Stage two: classification of activities. Each business task must be categorised into one of four operational configurations. Human-led activities remain entirely the responsibility of the individual, as they require judgement, interpersonal skills and non-delegable responsibility. In AI-assisted activities, the agent supports the operator without making autonomous decisions. AI-led activities with a human-in-the-loop are managed by the agent, with human supervision in critical cases. Fully autonomous activities are delegated to the agent without direct intervention. This classification is not static: a mechanism for periodic review is required as the agents’ capabilities evolve and the organisation gains experience.

Stage three: placing agents within the organisational chart as designated roles.
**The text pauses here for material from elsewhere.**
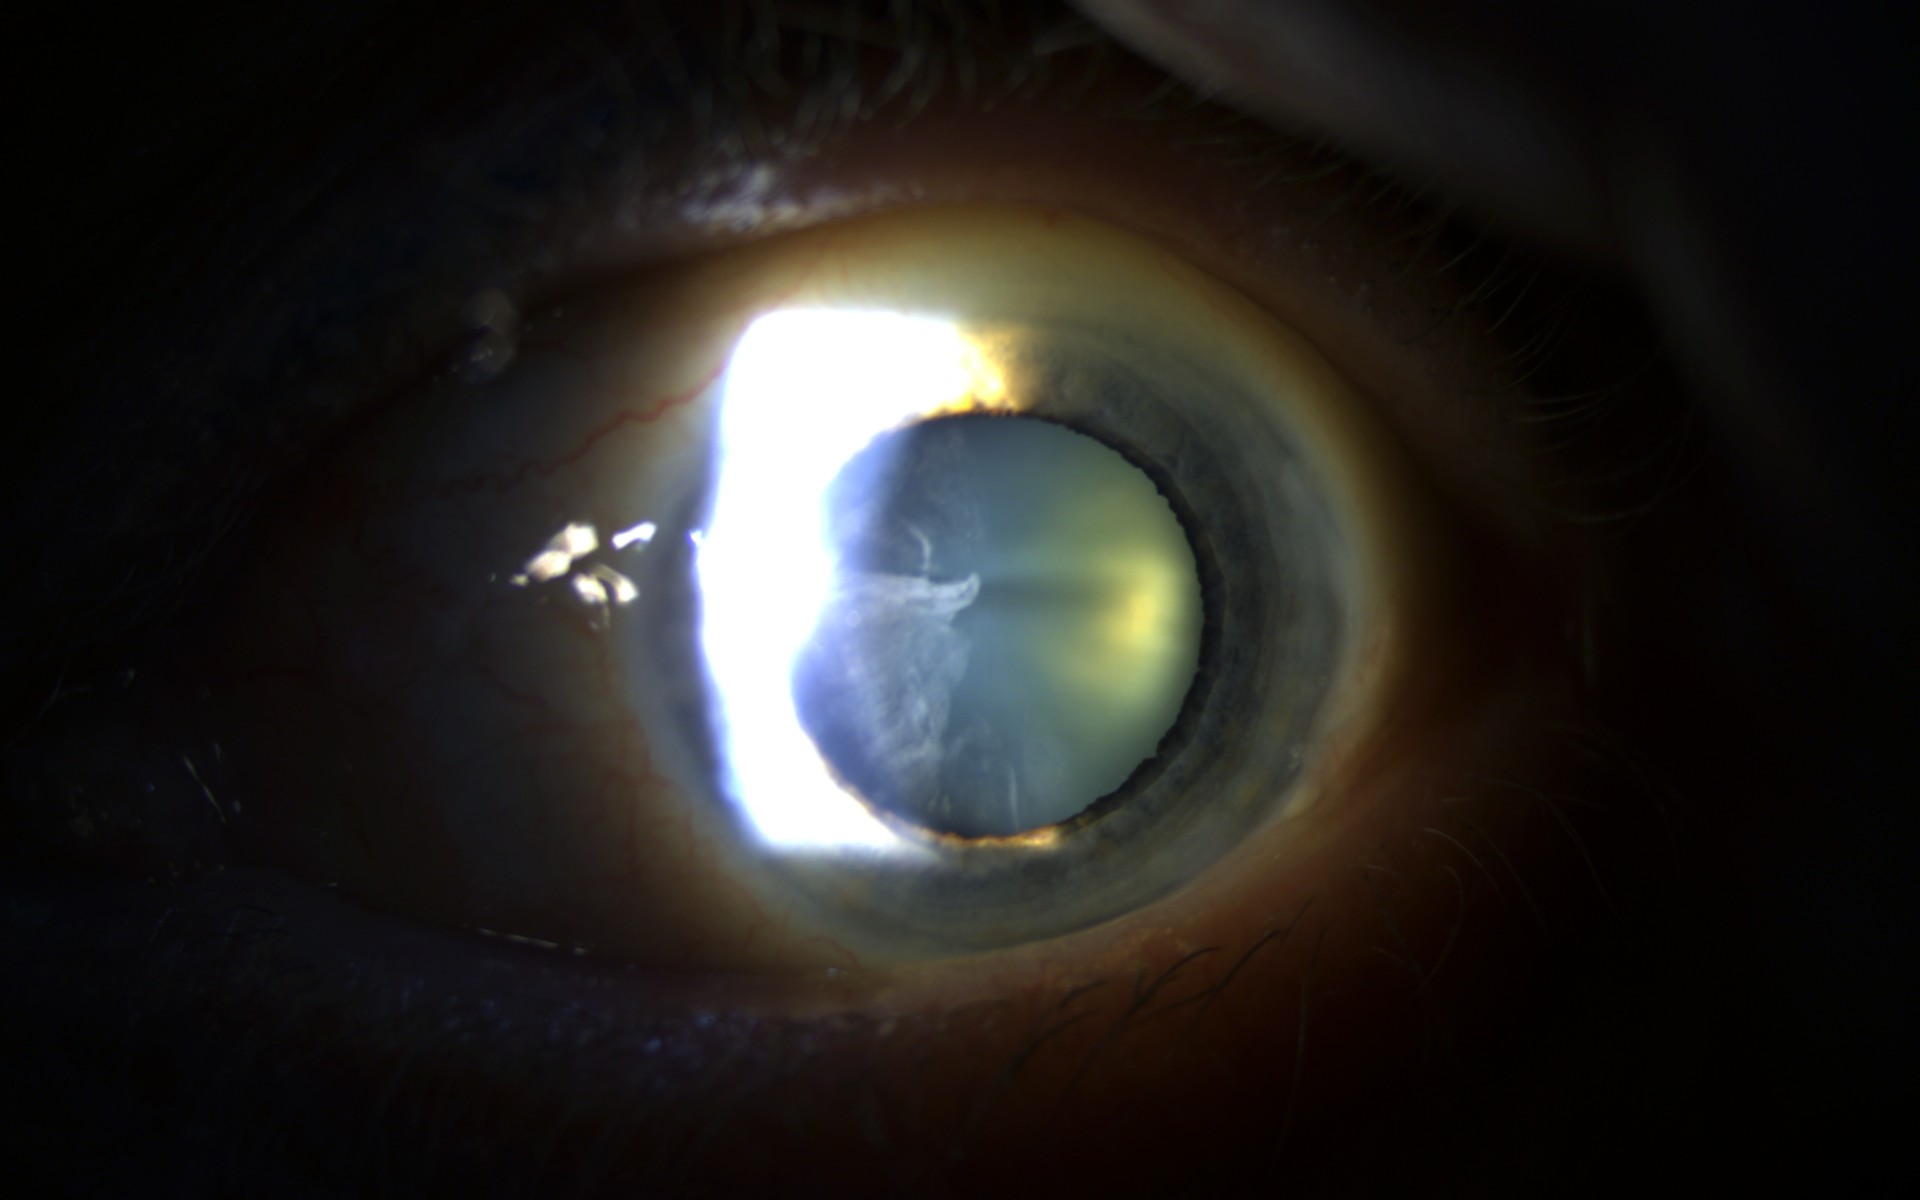 Slit lamp examination showing cataract

Every agent in production must have a defined area of responsibility, an identified human point of contact, explicit intervention criteria and thresholds beyond which the decision is passed to a human. Agentforce, in Salesforce, autonomously manages low-complexity conversations — the human contact person intervenes in cases exceeding the threshold according to codified rules, not at individual discretion. The logic is that of a structured workflow, not a generic partnership between a person and an agent that leaves it up to individuals to informally renegotiate responsibilities.

Phase Four: governance and dual reporting lines. The human point of contact reports to their functional line management. The agent reports to an AI Governance function, which in many large corporations is overseen by a Chief AI Officer responsible for the agents’ lifecycle, their alignment with business objectives, performance monitoring and risk management. It is within this function that compliance issues — the AI Act in particular — and system security are overseen.

The three bottlenecks to watch out for

When this sequence is not followed, three recurring issues emerge, as documented by early adopters. The first concerns validation: an agent produces output at a rate that human review struggles to keep up with, and comprehensive checking inevitably degenerates into risk-based sampling — with the problem of establishing the sampling criteria. The second is accountability: without a designated human point of contact with genuine authority to intervene, decisions grind to a halt at the first borderline case, and the organisation loses responsiveness precisely where the agent promised to enhance it. The third is psychological and manifests itself later, in staff turnover: remaining staff perceive the agent as a replacement rather than a tool, and motivation declines — a factor not included in transformation plans but which is measured, after six or twelve months, in terms of operational resilience.

The direction of change

The organisations that will capitalise on this transition are those in which the organisational chart will once again become what managerial tradition has always called for: a coherent, value-driven map of capabilities — both human and artificial. Competitive advantage does not lie in the number of agents deployed, but in the quality of the process design that accommodates them. Redesigning workflows before automating them is essential if AI is to generate efficiency rather than exacerbate existing dysfunctions. It is a task of organisational engineering, even before it is one of technology. And like any engineering task, it requires clear criteria, sequences and responsibilities.